● Description of the task
When you write out the listing below, keep each word exactly as it stands and drop the pictures.

● Data extract
══════════
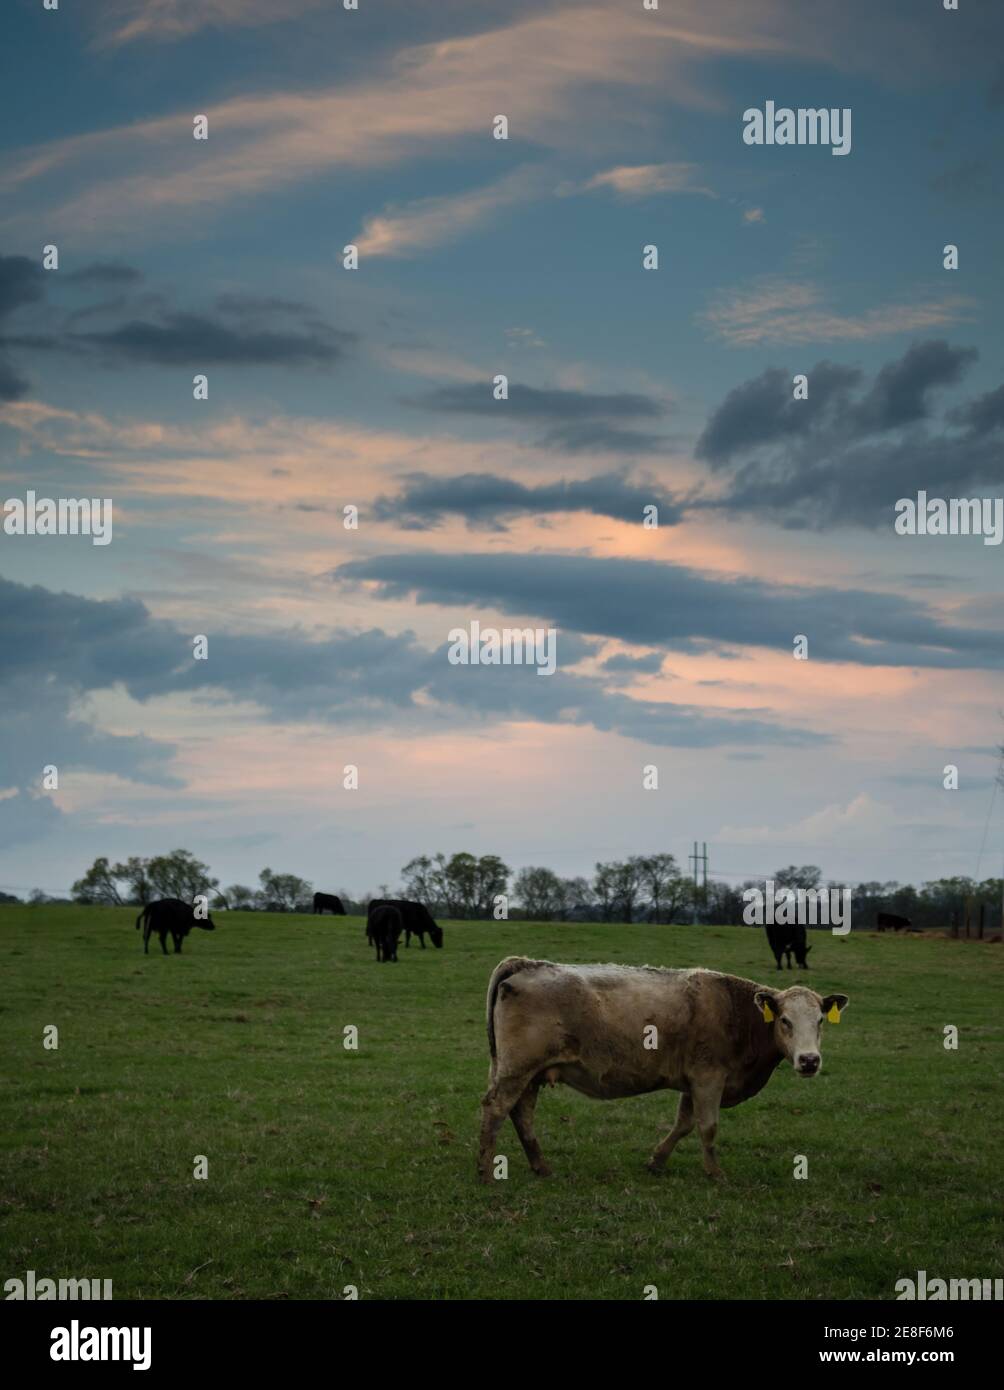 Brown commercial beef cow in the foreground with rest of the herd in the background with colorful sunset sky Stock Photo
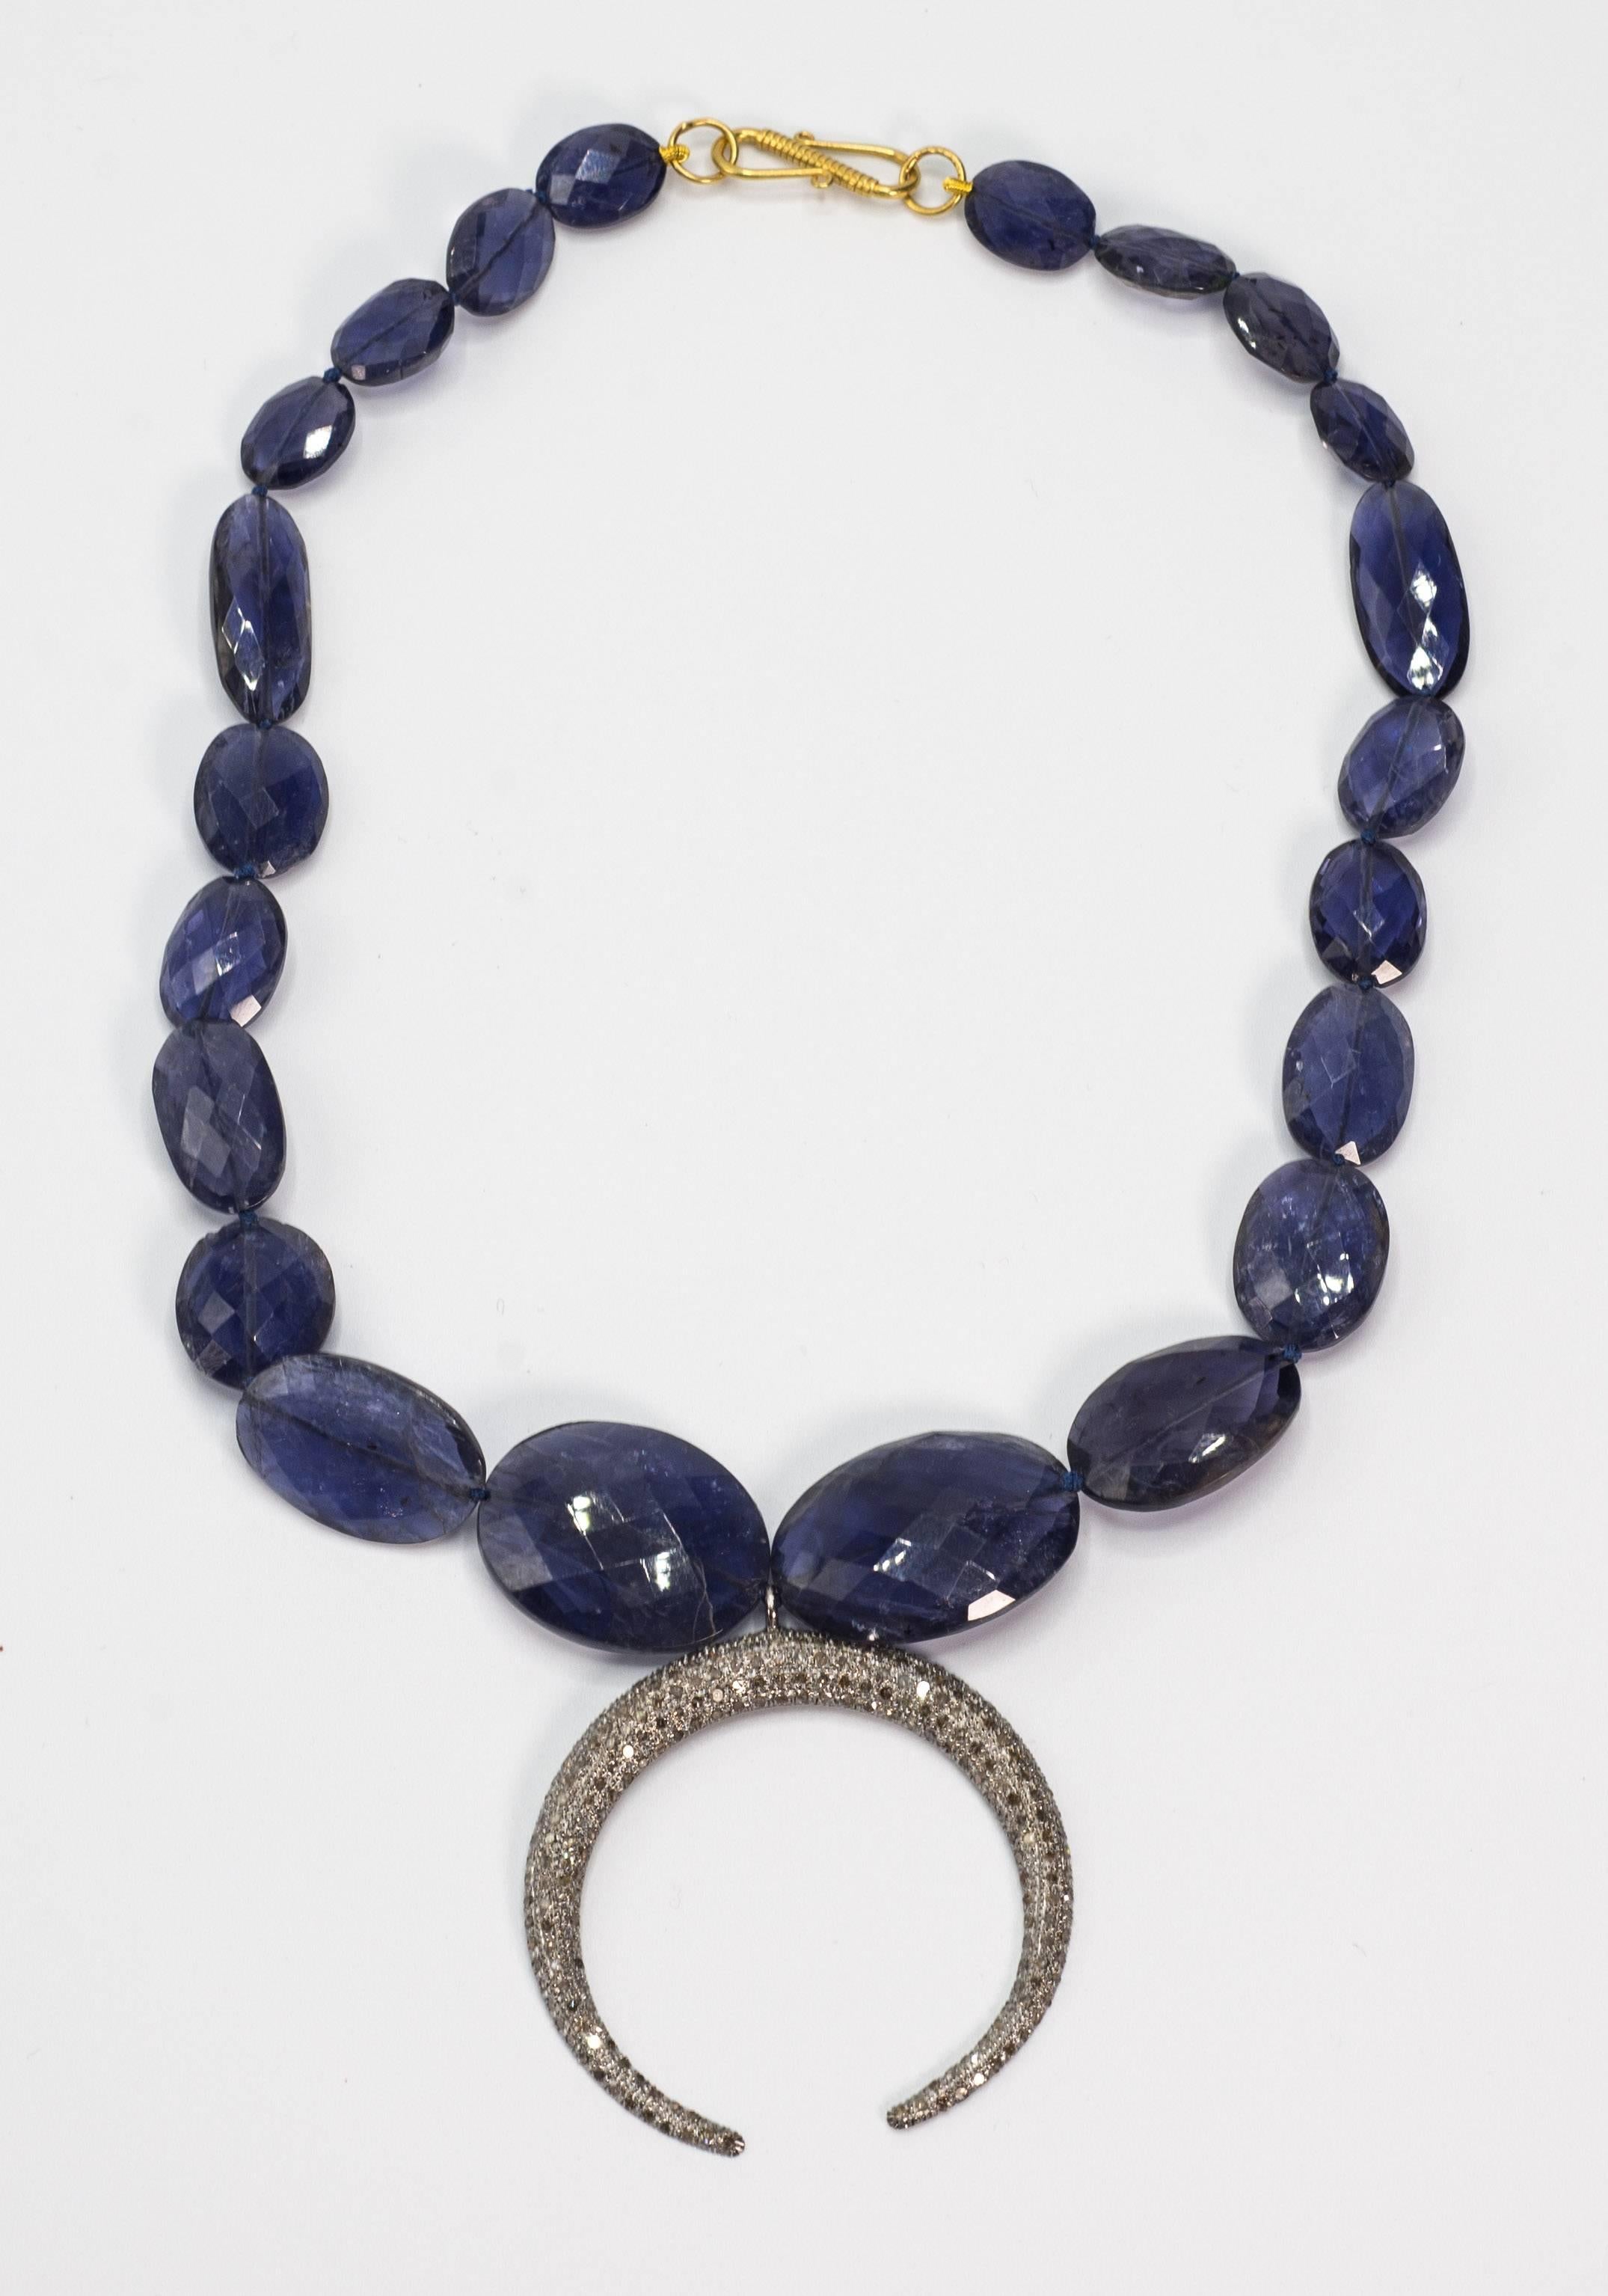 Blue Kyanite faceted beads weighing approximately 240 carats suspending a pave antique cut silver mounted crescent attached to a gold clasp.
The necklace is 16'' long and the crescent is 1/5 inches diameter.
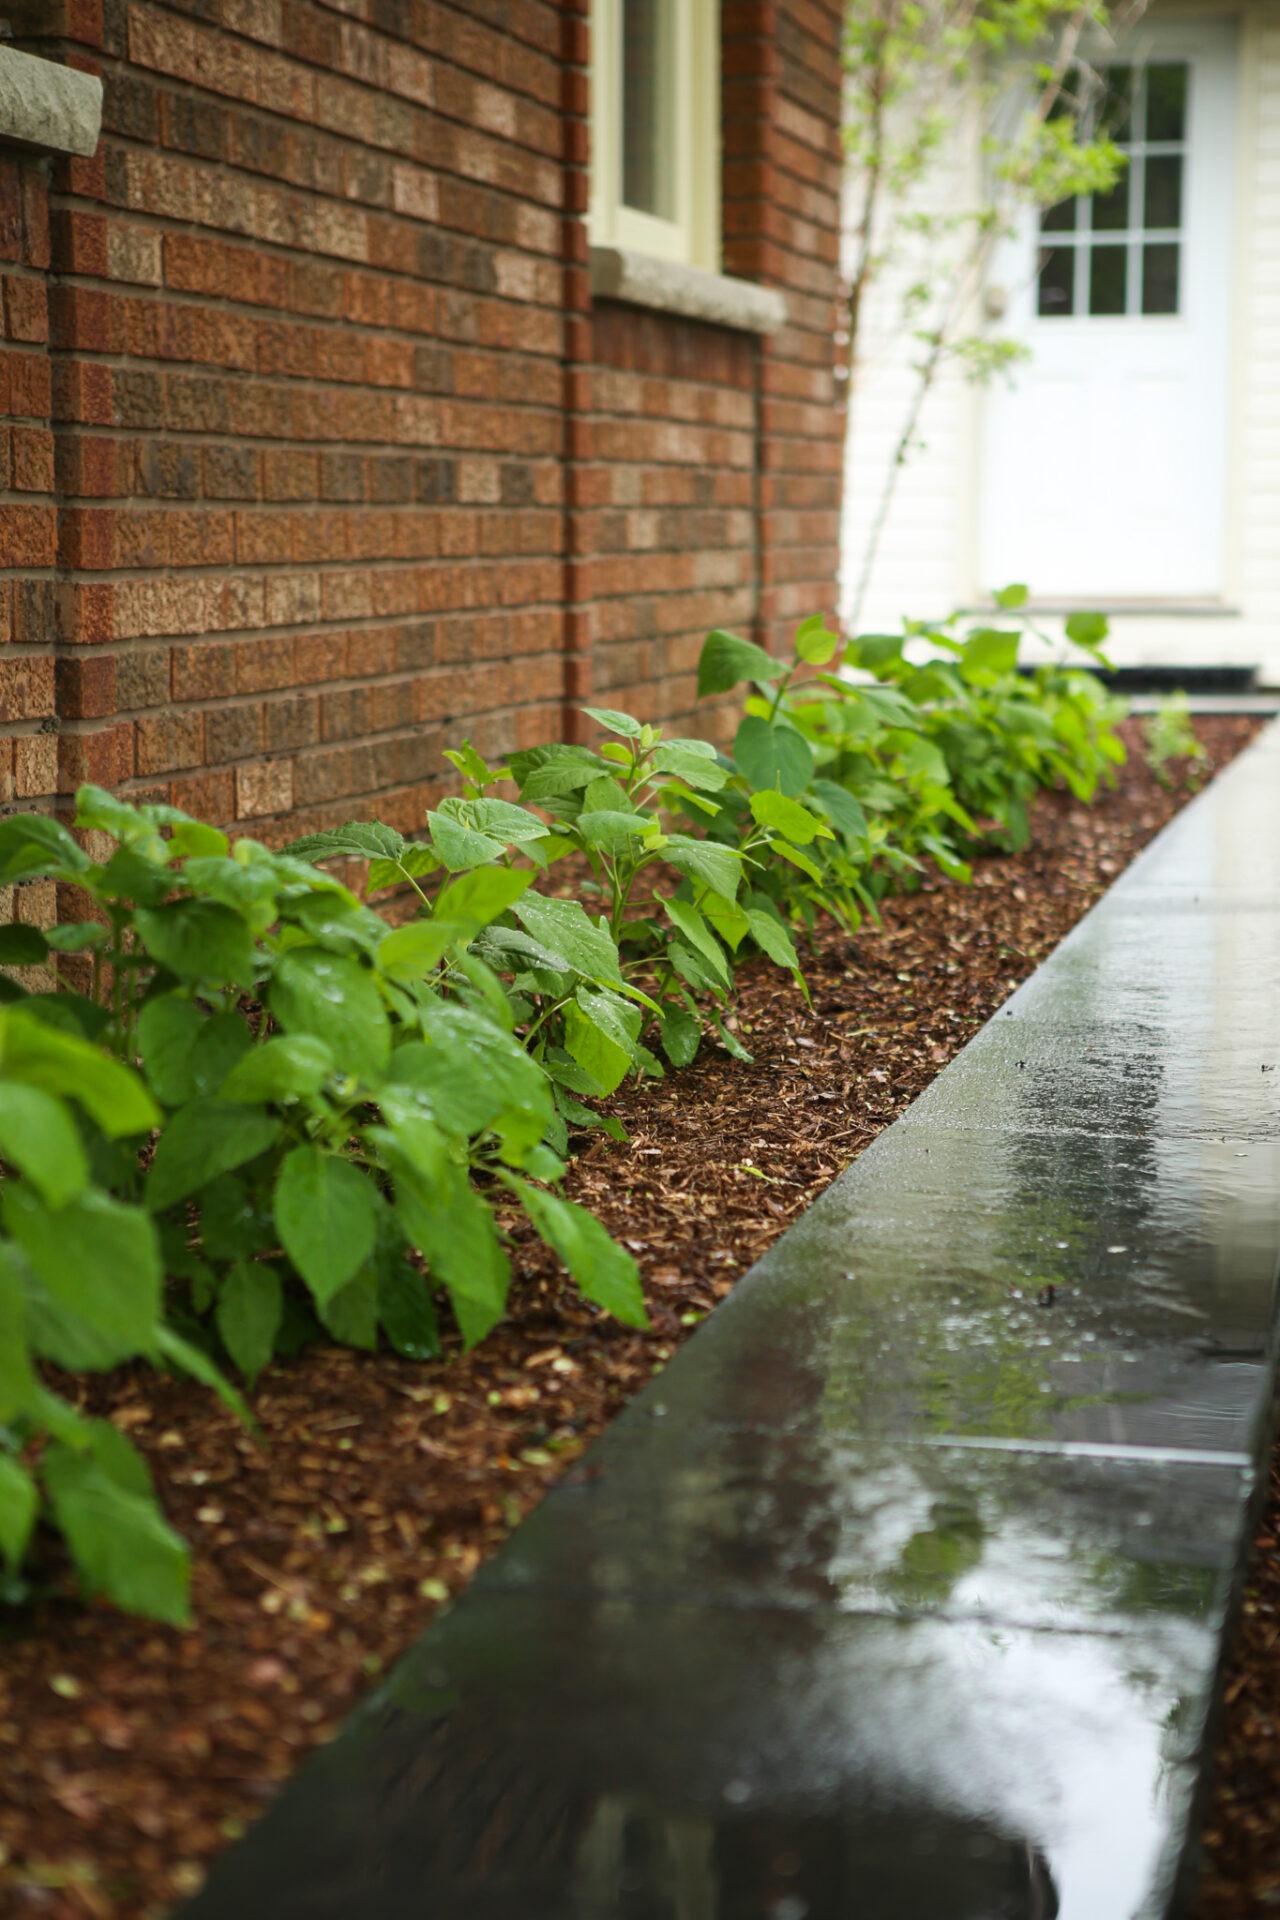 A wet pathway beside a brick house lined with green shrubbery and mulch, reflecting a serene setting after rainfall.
══════════
● Answer to this problem
 Brown commercial beef cow in the foreground with rest of the herd in the background with colorful sunset sky Stock Photo
 Blue Kyanite faceted beads weighing approximately 240 carats suspending a pave antique cut silver mounted crescent attached to a gold clasp.
The necklace is 16'' long and the crescent is 1/5 inches diameter.
 A wet pathway beside a brick house lined with green shrubbery and mulch, reflecting a serene setting after rainfall.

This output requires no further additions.